To a solution of 1-(pyrrolidin-3-yl)ethane-1,2-diol hydrochloride 164-2 (2.0 g, 12 mmol) in water (30 mL) was added NaHCO3 (3.7 g, 44 mmol) by portion. Dioxane (20 mL) was then added. To the above solution was added 1-(2,5-dioxopyrrolidin-1-yl) 12-methyl dodecanedioate 146-1 (3.7 g, 11 mmol) in dioxane (30 mL). The reaction mixture was stirred overnight. This was extracted with ethyl acetate (3×100 mL). The combined extract was washed with 0.5N HCl (50 mL) and brine (50 mL), and dried over MgSO4.

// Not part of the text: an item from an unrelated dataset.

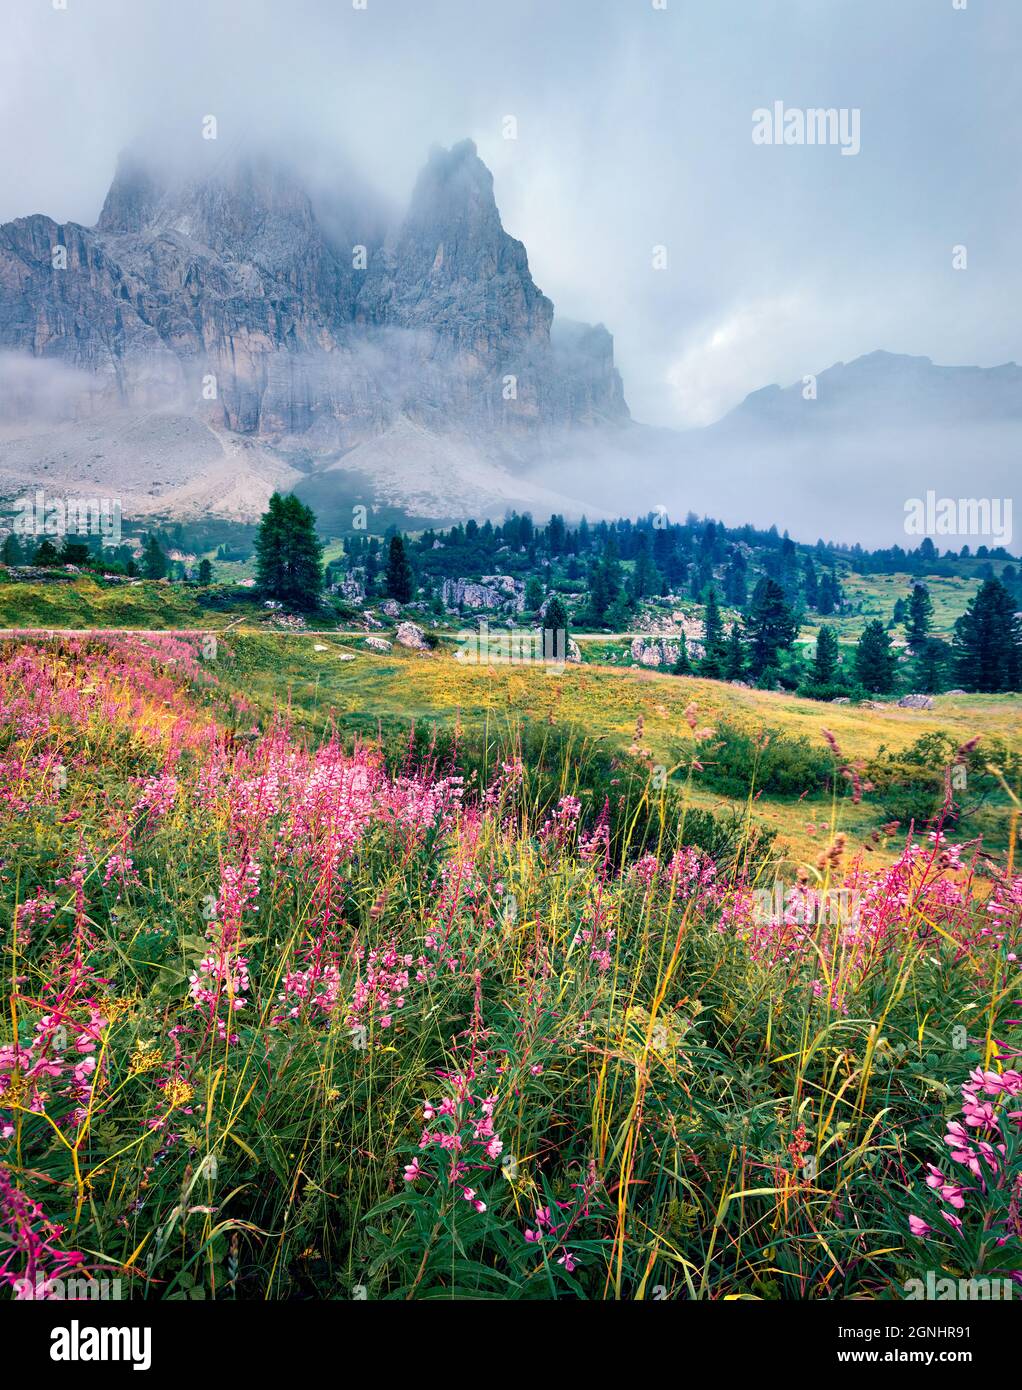 Vue du matin sur le pic de la Pista Lagazuoi depuis le col de Falzarego. Pittoresque scène estivale des Alpes Dolomiti, Cortina d'Ampezzo, Italie, Europe. B Banque D'Images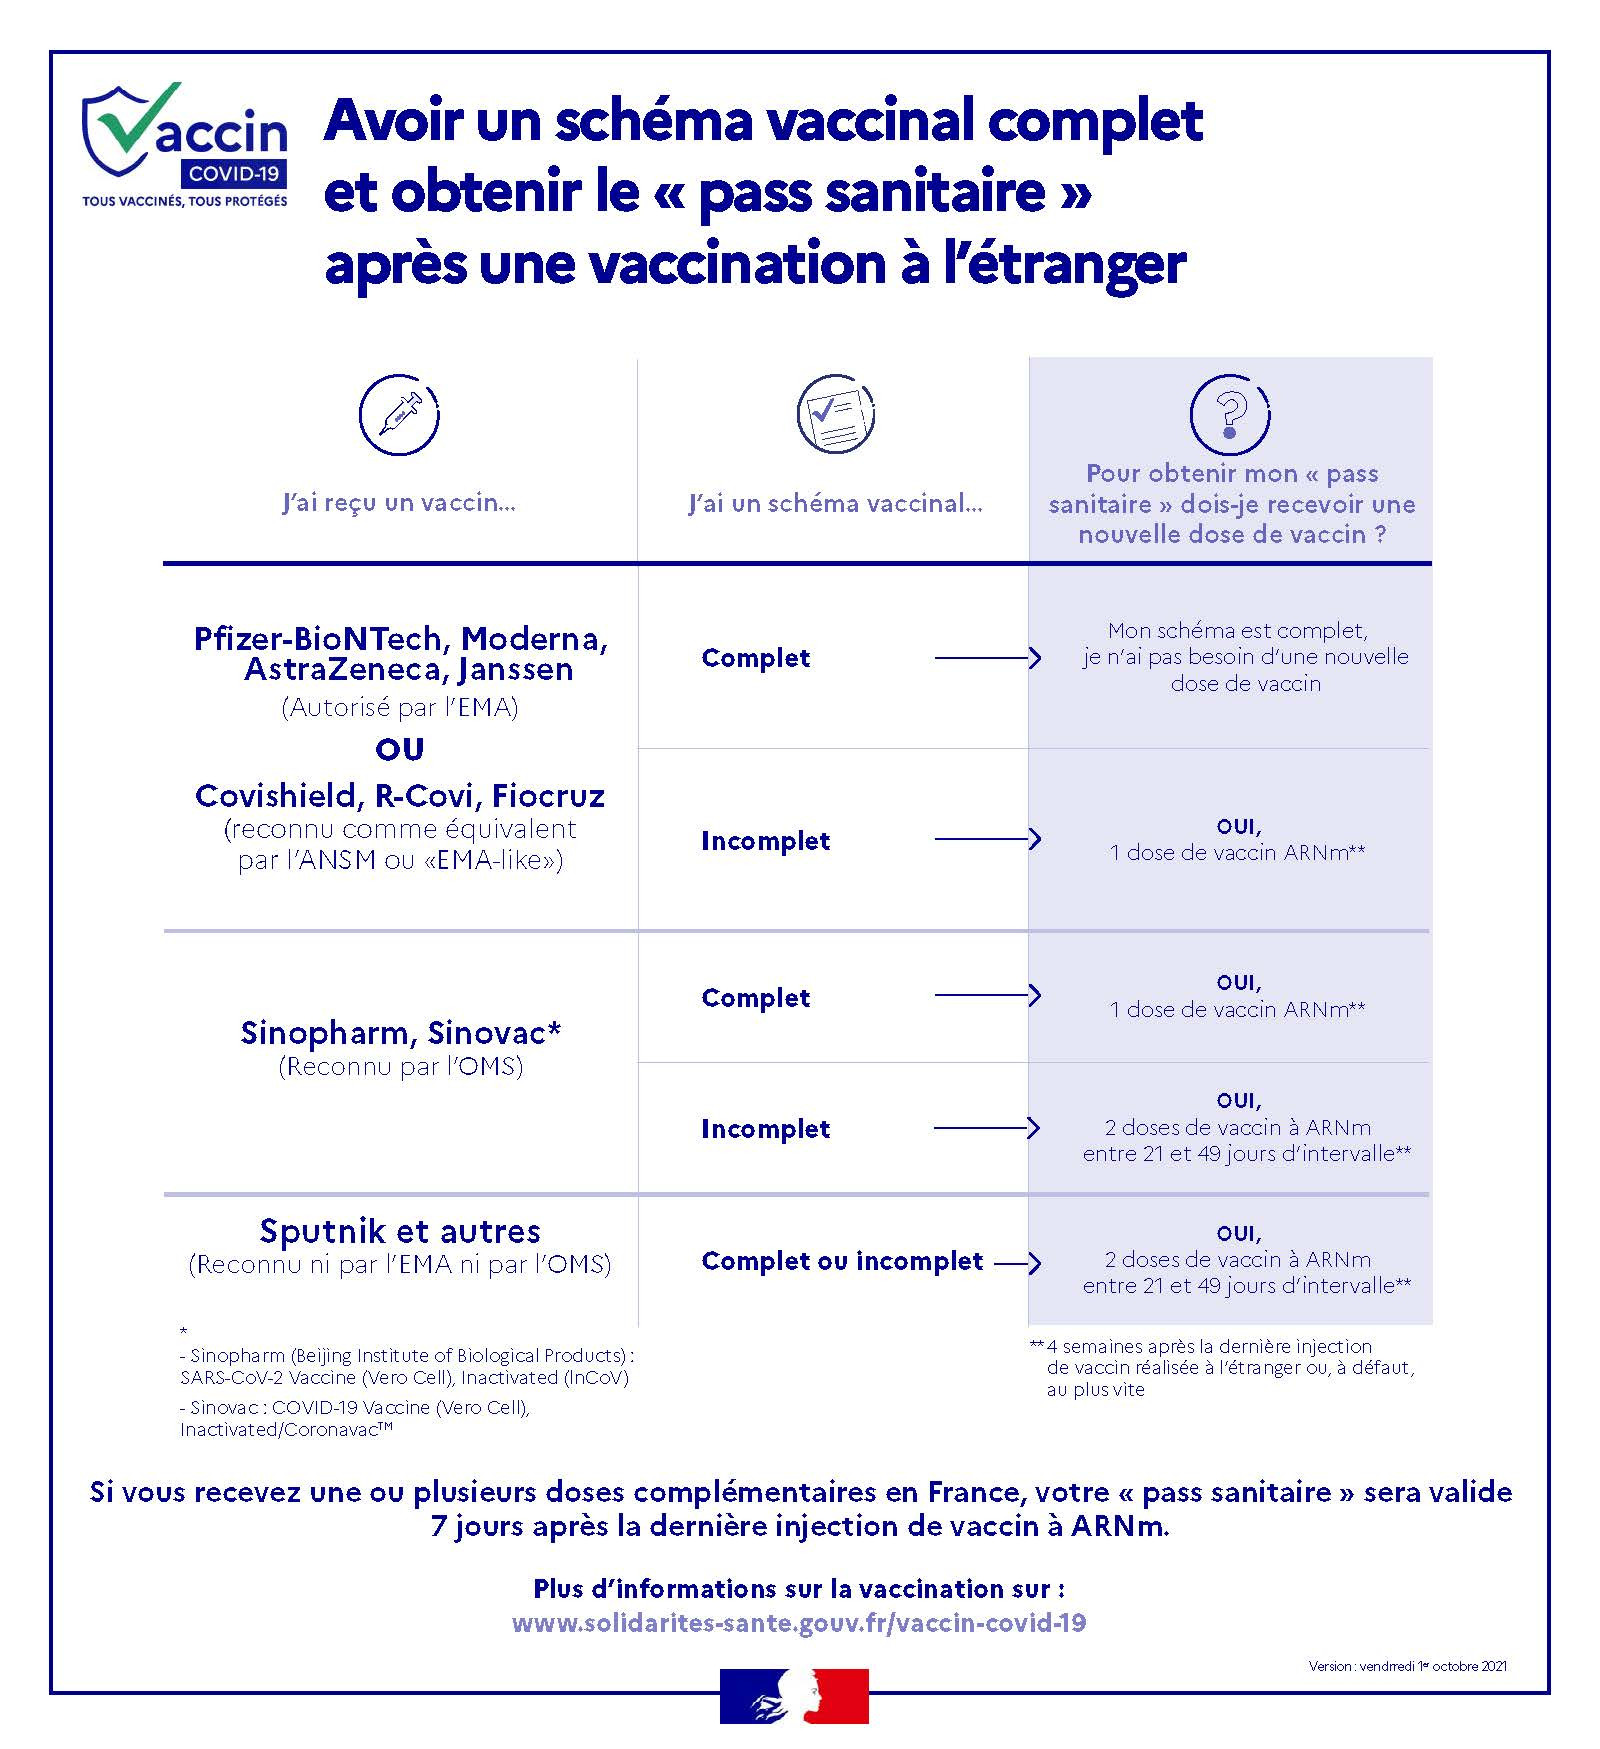 infog_vaccins_de_l_etranger.jpg

This substance was prepared from methyl 12-(3-(1,2-dihydroxyethyl)pyrrolidin-1-yl)-12-oxododecanoate 164-4 and 4,4-dimethoxytrityl chloride (1 eq) using the same procedure as described in the synthesis of 2-(2-(bis(4-methoxyphenyl)(phenyl)methoxy)ethyl)isoindoline-1,3-dione 138. The product was purified by column chromatography (1.5% methanol/dichloromethane). Methyl 12-(3-(2-(bis(4-methoxyphenyl)(phenyl)methoxy)-1-hydroxyethyl)pyrrolidin-1-yl)-12-oxododecanoate 164 was obtained in 51% yield as a yellow oil. 1HNMR (400 MHz, acetone-d6, ppm): δ 7.49-7.54 (m, 2H), 7.35-7.40 (m, 4H), 7.28-7.34 (m, 2H), 7.19-7.25 (m, 1), 6.86-6.91 (m, 4H), 4.11-4.20 (m, 1H), 3.79 (s, 6H), 3.68-3.77 (m, 1H), 3.60 (s, 3H), 3.29-3.59 (m, 3H), 3.06-3.20 (m, 3H), 2.33-2.55 (m, 1H), 2.29 (t, J=7.4 Hz, 2H), 2.19 (t, J=7.6 Hz, 2H), 1.65-2.0 (m, 2H), 1.51-1.62 (m, 4H), 1.26-1.35 (m, 12H).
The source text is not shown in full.